# Car won't stay running



## SentraR2308 (Mar 11, 2016)

I bought a 2003 Nissan Sentra R spec V that had been sitting in the same spot for four years, and hasn't been ran since except for recently. Put a jumper box on the battery, and fired the engine. The car dies as soon as you let off the clutch, and if you hit the gas it dies. I noticed that there are two hoses on the fire wall, one is disconnected and the other is completely gone. I can't seem to find where they would go. Any advice on the placement of the hoses? Also, does my no start condition sound like it could be MAF related? I'm leaning towards that, or some kind of vacuum leak.


----------



## SPEEDO (Jun 9, 2003)

can you pull any codes? hoses going to firewall, all I can think of the heater hoses... I have a 02 Spec-V, I can take a look.. big hoses or small?? where on the firewall etc


----------



## jdg (Aug 27, 2009)

And the 4 year old gas doesn't come to mind immediately as being a possible cause? Really?


----------



## SentraR2308 (Mar 11, 2016)

I never said it wasnt? And it's not just going to shut off like that. It would run really shitty, then die. The fact that it doesn't stay running at all, and there's no reaction when the gas is pressed leads me to believe it's not just the gas. Obviously the gas is bad. The fact that you had to point that out in the first place is pretty funny. I mean that should be a given if you knew the first thing about cars. So yeah, really buddy.


----------



## jdg (Aug 27, 2009)

SentraR2308 said:


> I never said it wasnt? And it's not just going to shut off like that. It would run really shitty, then die. The fact that it doesn't stay running at all, and there's no reaction when the gas is pressed leads me to believe it's not just the gas. Obviously the gas is bad. The fact that you had to point that out in the first place is pretty funny. I mean that should be a given if you knew the first thing about cars. So yeah, really buddy.
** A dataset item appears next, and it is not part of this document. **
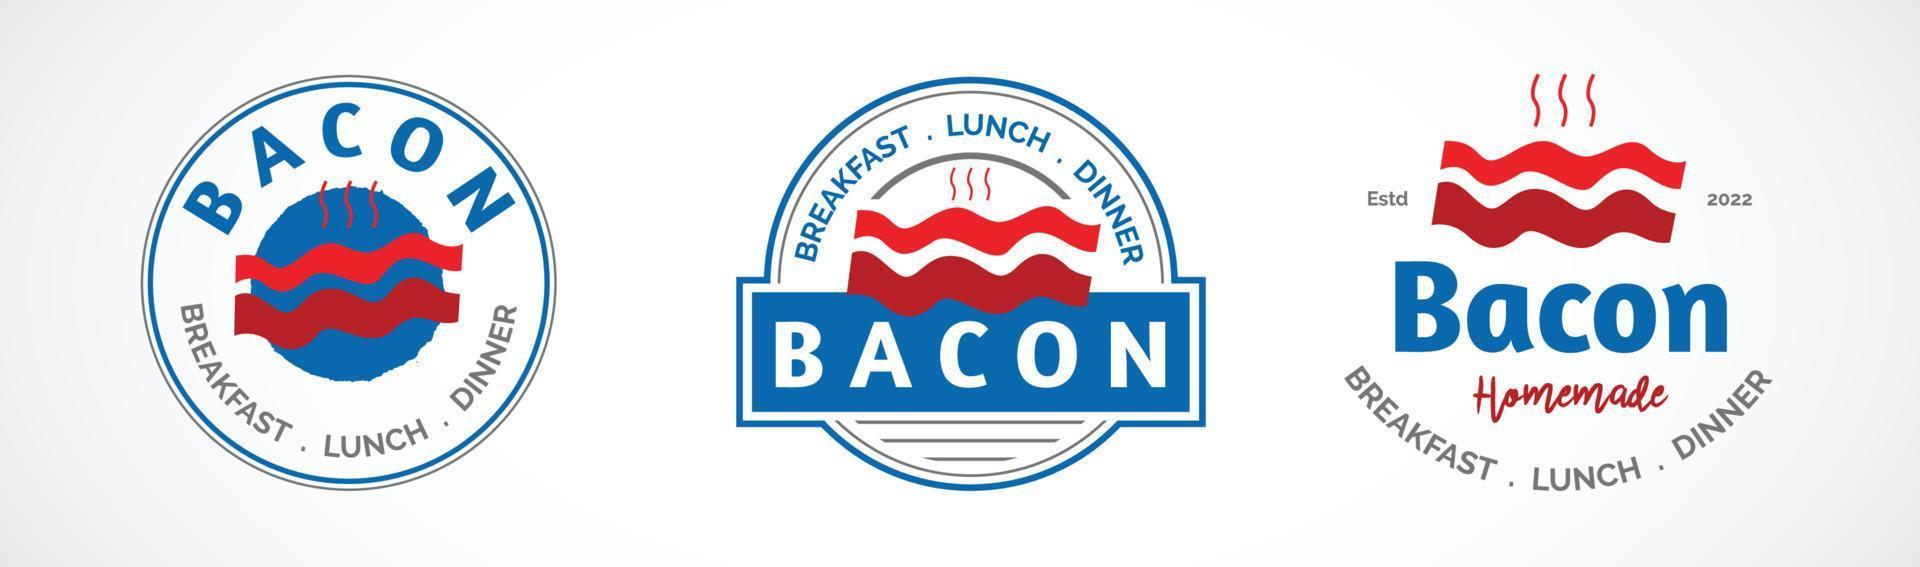 bacon logo restaurant vector

Well, when you get rid of that old gas and everything starts running fine...I'll STILL be laughing AT you...not with you.


----------



## SentraR2308 (Mar 11, 2016)

Well, I can guarantee you that's not what's wrong with it. So laugh it up. It's obviously a contributing factor. But the car had problems when it was parked. So I thank you greatly for your input captain obvious.


----------



## SentraR2308 (Mar 11, 2016)

SPEEDO said:


> can you pull any codes? hoses going to firewall, all I can think of the heater hoses... I have a 02 Spec-V, I can take a look.. big hoses or small?? where on the firewall etc


To answer you, I'll have to let you know once I check.


----------



## rogoman (Dec 16, 2004)

SentraR2308 said:


> I bought a 2003 Nissan Sentra R spec V that had been sitting in the same spot for four years, and hasn't been ran since except for recently. Put a jumper box on the battery, and fired the engine. The car dies as soon as you let off the clutch, and if you hit the gas it dies. I noticed that there are two hoses on the fire wall, one is disconnected and the other is completely gone. I can't seem to find where they would go. Any advice on the placement of the hoses? Also, does my no start condition sound like it could be MAF related? I'm leaning towards that, or some kind of vacuum leak.
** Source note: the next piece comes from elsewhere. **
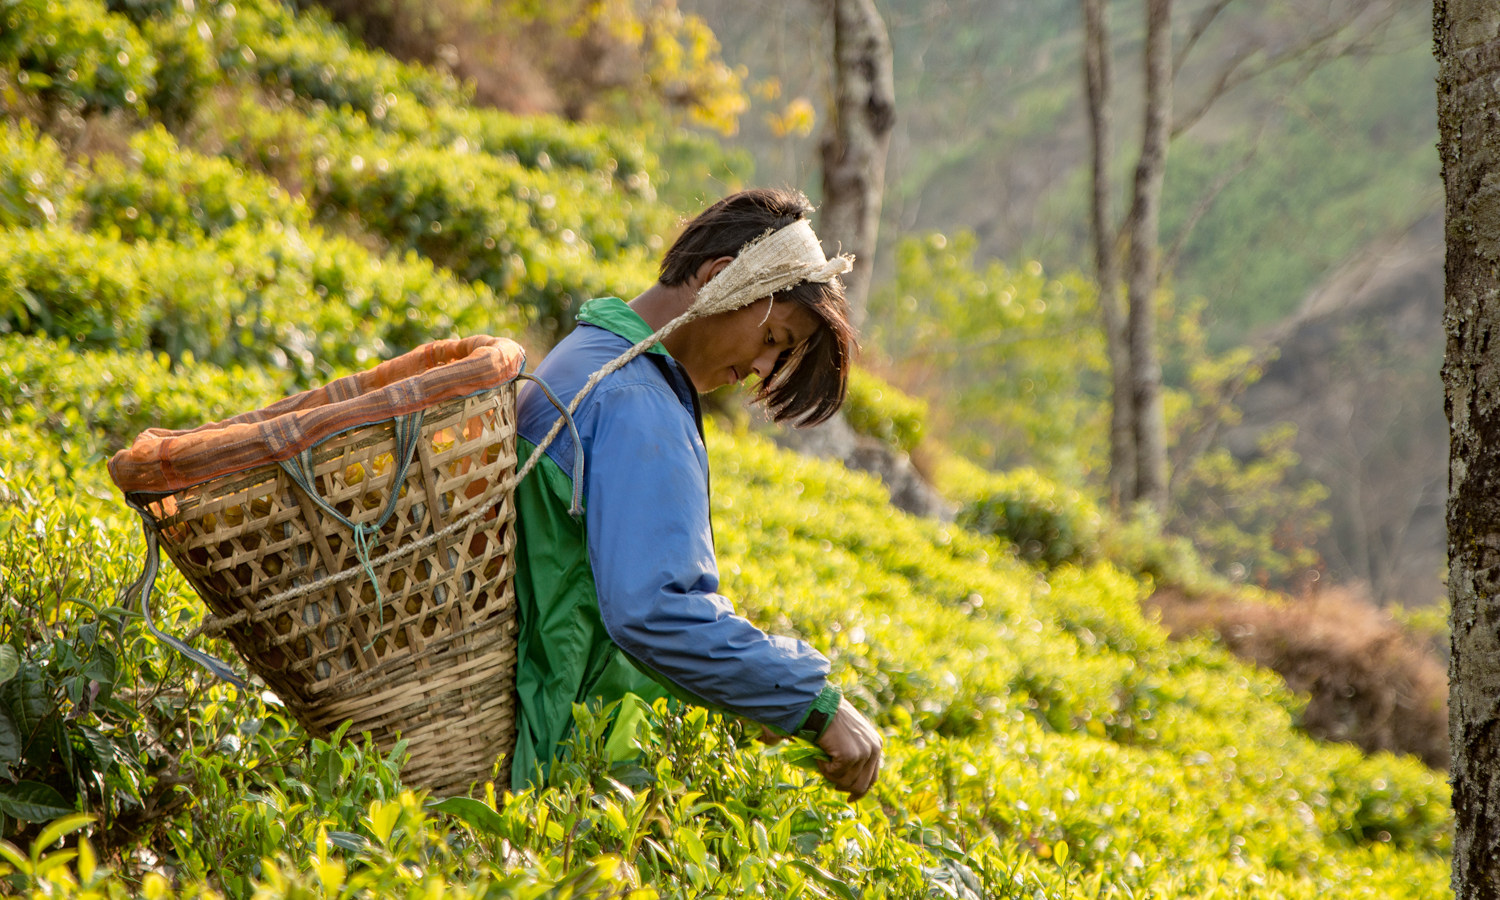 尼泊尔茶是一项旨在扩大尼泊尔东部社区获得教育和就业机会的业务。

For the placement of hoses, supply some pictures. 

When gasoline sits for a long period of time, like in your case of 4 years, varnish develops and primarily affects the fuel injectors. The injectors will most likely have to be power flushed or totally replaced.


----------



## SentraR2308 (Mar 11, 2016)

Yeah that's what I'm leaning towards. I'm going to try a couple of things (including power flush/replacing) and see if it starts. I would supply pictures but I don't know how.


----------



## rogoman (Dec 16, 2004)

SentraR2308 said:


> I would supply pictures but I don't know how.


Subscribe to a photo sharing web site like:

Host UR Images

You can upload your pictures to their web site, then when you post here, enter the URL of your picture from the photo sharing web site.


----------